Прежде чем предоставить меня моей злополучной судьбе, пусть разрешат мне бросить взгляд на ту участь, которая, естественно, ожидала бы меня, попади я в руки лучшему хозяину. Ничто так не подходило к моему характеру и не могло сделать меня более счастливым, чем спокойное и скромное положение хорошего ремесленника, особенно такого, как, например, гравер в Женеве.
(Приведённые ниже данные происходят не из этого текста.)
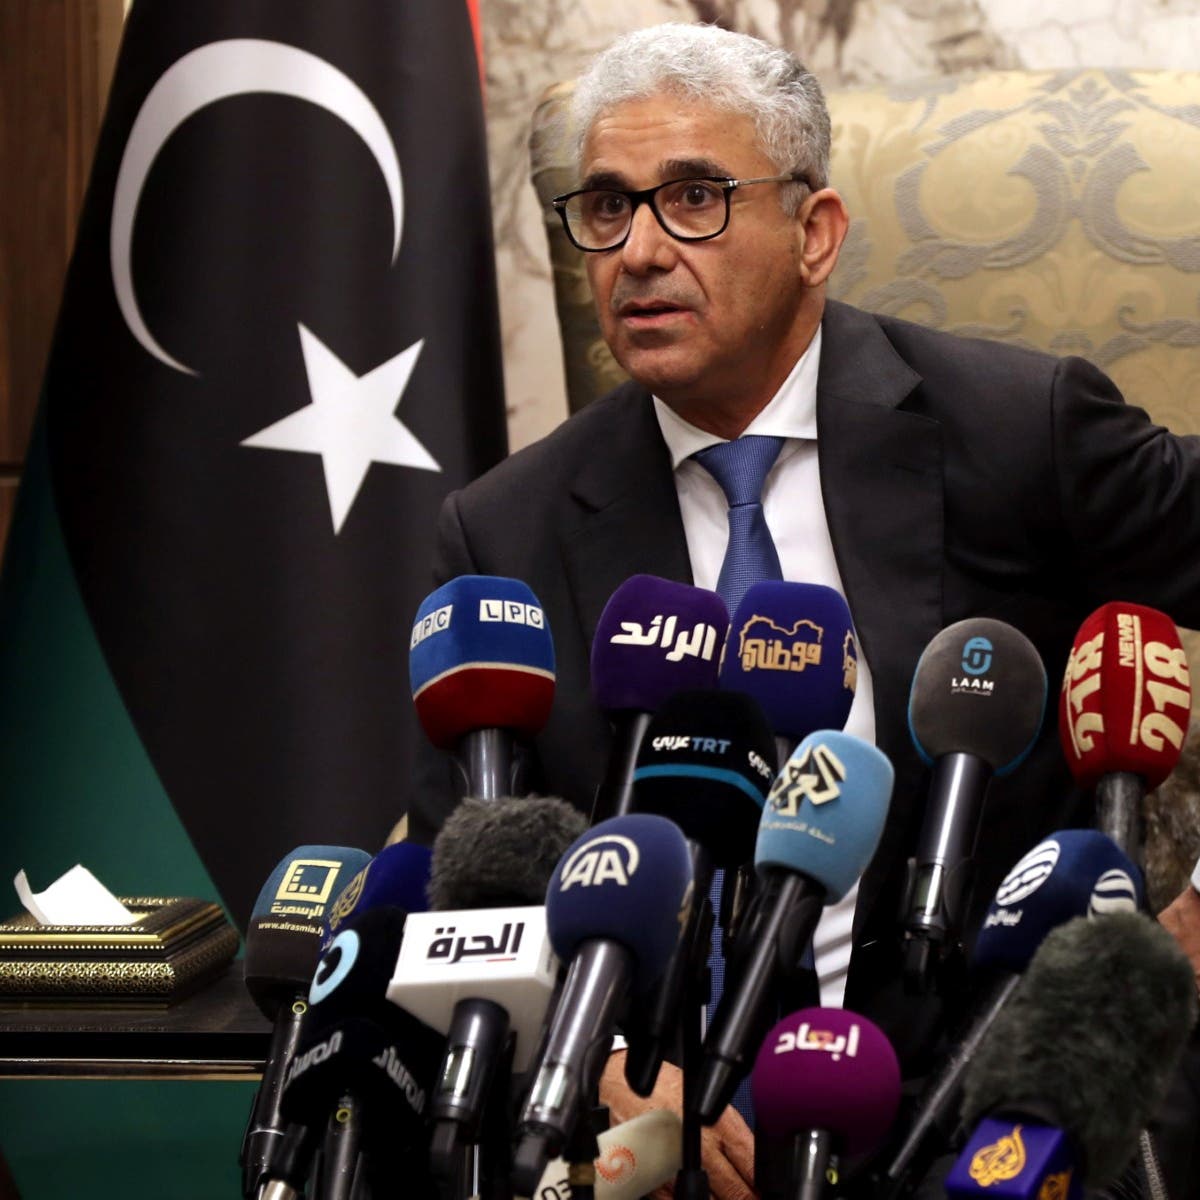 باشاغا: الحكومة الجديدة لن تمارس مهامها إلا من طرابلس

Это занятие достаточно прибыльное, чтобы дать безбедное существование, но не настолько доходное, чтобы привести к богатству, ограничило бы мое честолюбие до конца жизни и, давая мне заслуженный досуг для удовлетворения моих скромных потребностей, удержало бы меня в моей среде, не давая никакой возможности ее покинуть. Обладая воображением, достаточно богатым, чтобы украсить мечтами любое состояние, достаточно могущественным для того, чтобы переносить меня, так сказать, из одного состояния в другое, – я не придавал бы значения тому, в каком нахожусь на самом деле.
Между местом, в котором я находился бы, и любым воздушным замком для меня не могло быть непреодолимого расстояния. Из одного этого следовало, что самое скромное положение, связанное с наименьшими беспокойствами и заботами, всего более оставлявшее ум свободным, подходило мне больше всего, но как раз таким и было бы мое положение. В лоне своей религии, своей родины, своей семьи и друзей провел бы я жизнь мирную и тихую, вполне отвечающую моему характеру, сочетавшую в себе труд по вкусу и общество по сердцу. Я был бы хорошим христианином, хорошим гражданином, хорошим отцом семейства, хорошим другом, хорошим ремесленником, во всех отношениях хорошим человеком. Я любил бы свое ремесло, быть может, прославил бы его и прожил жизнь незаметную и простую, но ровную и тихую, спокойно умер бы на руках у своих близких. Скоро забытый, конечно, я был бы по крайней мере оплакиваем то время, пока меня помнили бы.
Вместо этого… какую картину я нарисую! Ах! не будем предвосхищать несчастий моей жизни; и без того слишком много буду я занимать читателей этой грустной темой.